On the August 4 edition of MSNBC's Scarborough Country, host and former U.S. Representative Joe Scarborough (R-FL) followed other conservatives in citing only the Gallup poll -- the only poll to show President George W. Bush leading Senator John Kerry -- to claim that Kerry received a “negative bump” following the Democratic National Convention. He also misrepresented support for Kerry among conventioneers.
“The USA Today/CNN/Gallup poll found that John Kerry lost two percentage points among likely voters, while George Bush actually gained five points,” Scarborough reported, to support his assertion that Kerry got a post-convention “negative bump.” The USA Today/CNN/Gallup poll (July 30 - August 1) showed Bush gaining ground on Kerry (a four-point bounce, not five as Scarborough reported; the margin of error was three points).
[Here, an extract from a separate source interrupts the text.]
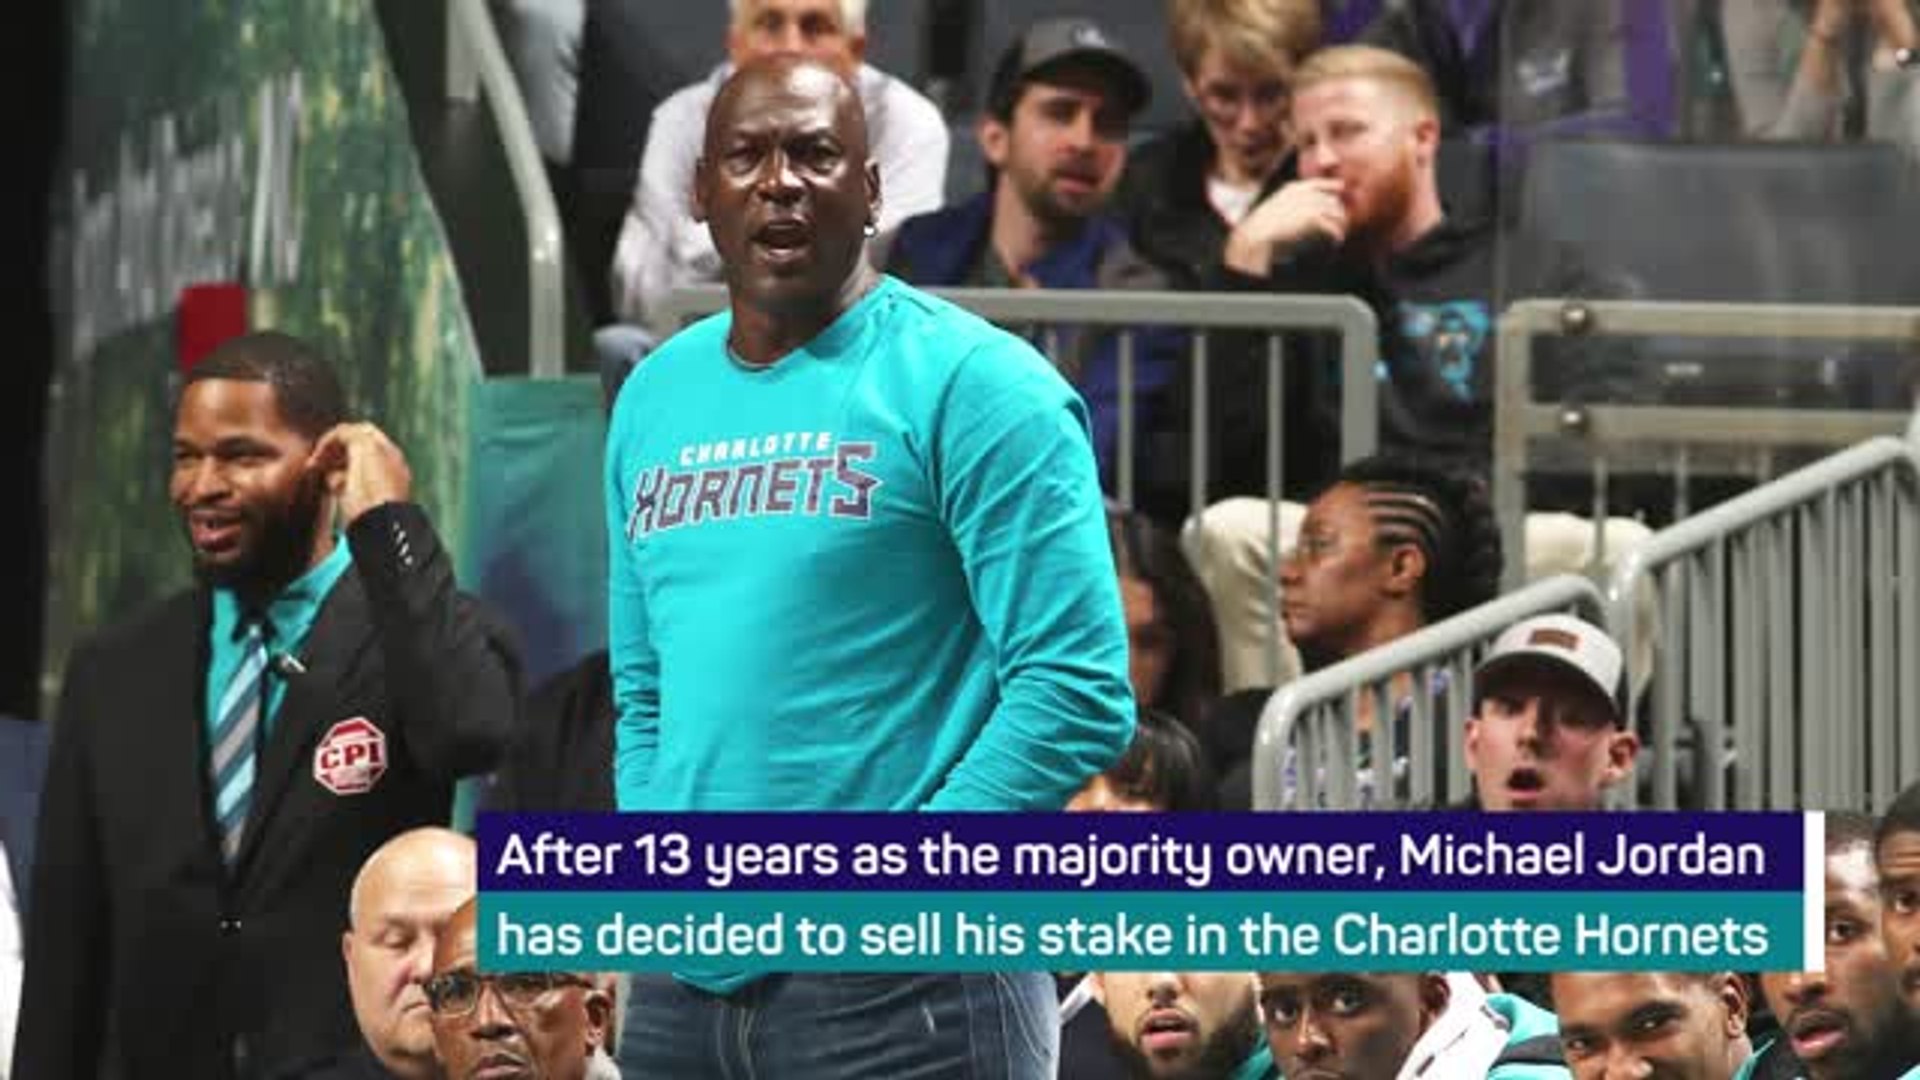 Michael Jordan to sell Charlotte Hornets stake - video Dailymotion

Yet as Media Matters for America has previously noted, other post-convention polls showed Kerry achieving a small post-convention bounce.
In addition to those polls MMFA originally cited, two more polls have been released since. The FOX News/Opinion Dynamics poll (August 3 - August 4) showed Kerry earning a five-point bounce among registered voters (pre-convention, Kerry trailed Bush by one point; he is now up by four) and a three-point bump among likely voters (within the three-point margin of error). In the Marist College poll (July 30 - August 2), Kerry remained one point ahead of Bush among registered voters; Bush gained one point to tie with Kerry among likely voters. No poll, aside from the Gallup poll, shows Bush leading Kerry.
Scarborough also attempted to downplay support for Kerry among convention attendees: “When I was up in Boston [at the Democratic National Convention], I spoke with close to 1,000 people. ... I never found one person that told me that they were excited about voting for John Kerry. I found all of the people I spoke to were very excited about getting rid of George W. Bush, almost at a fevered pitch.”
However, a New York Times/CBS News poll of delegates to the 2004 Democratic National Convention (conducted June 16 through July 17) indicated that 88 percent of delegates enthusiastically supported Kerry; 6 percent supported Kerry but had reservations about him; and just 4 percent only supported Kerry because he was the likely party nominee.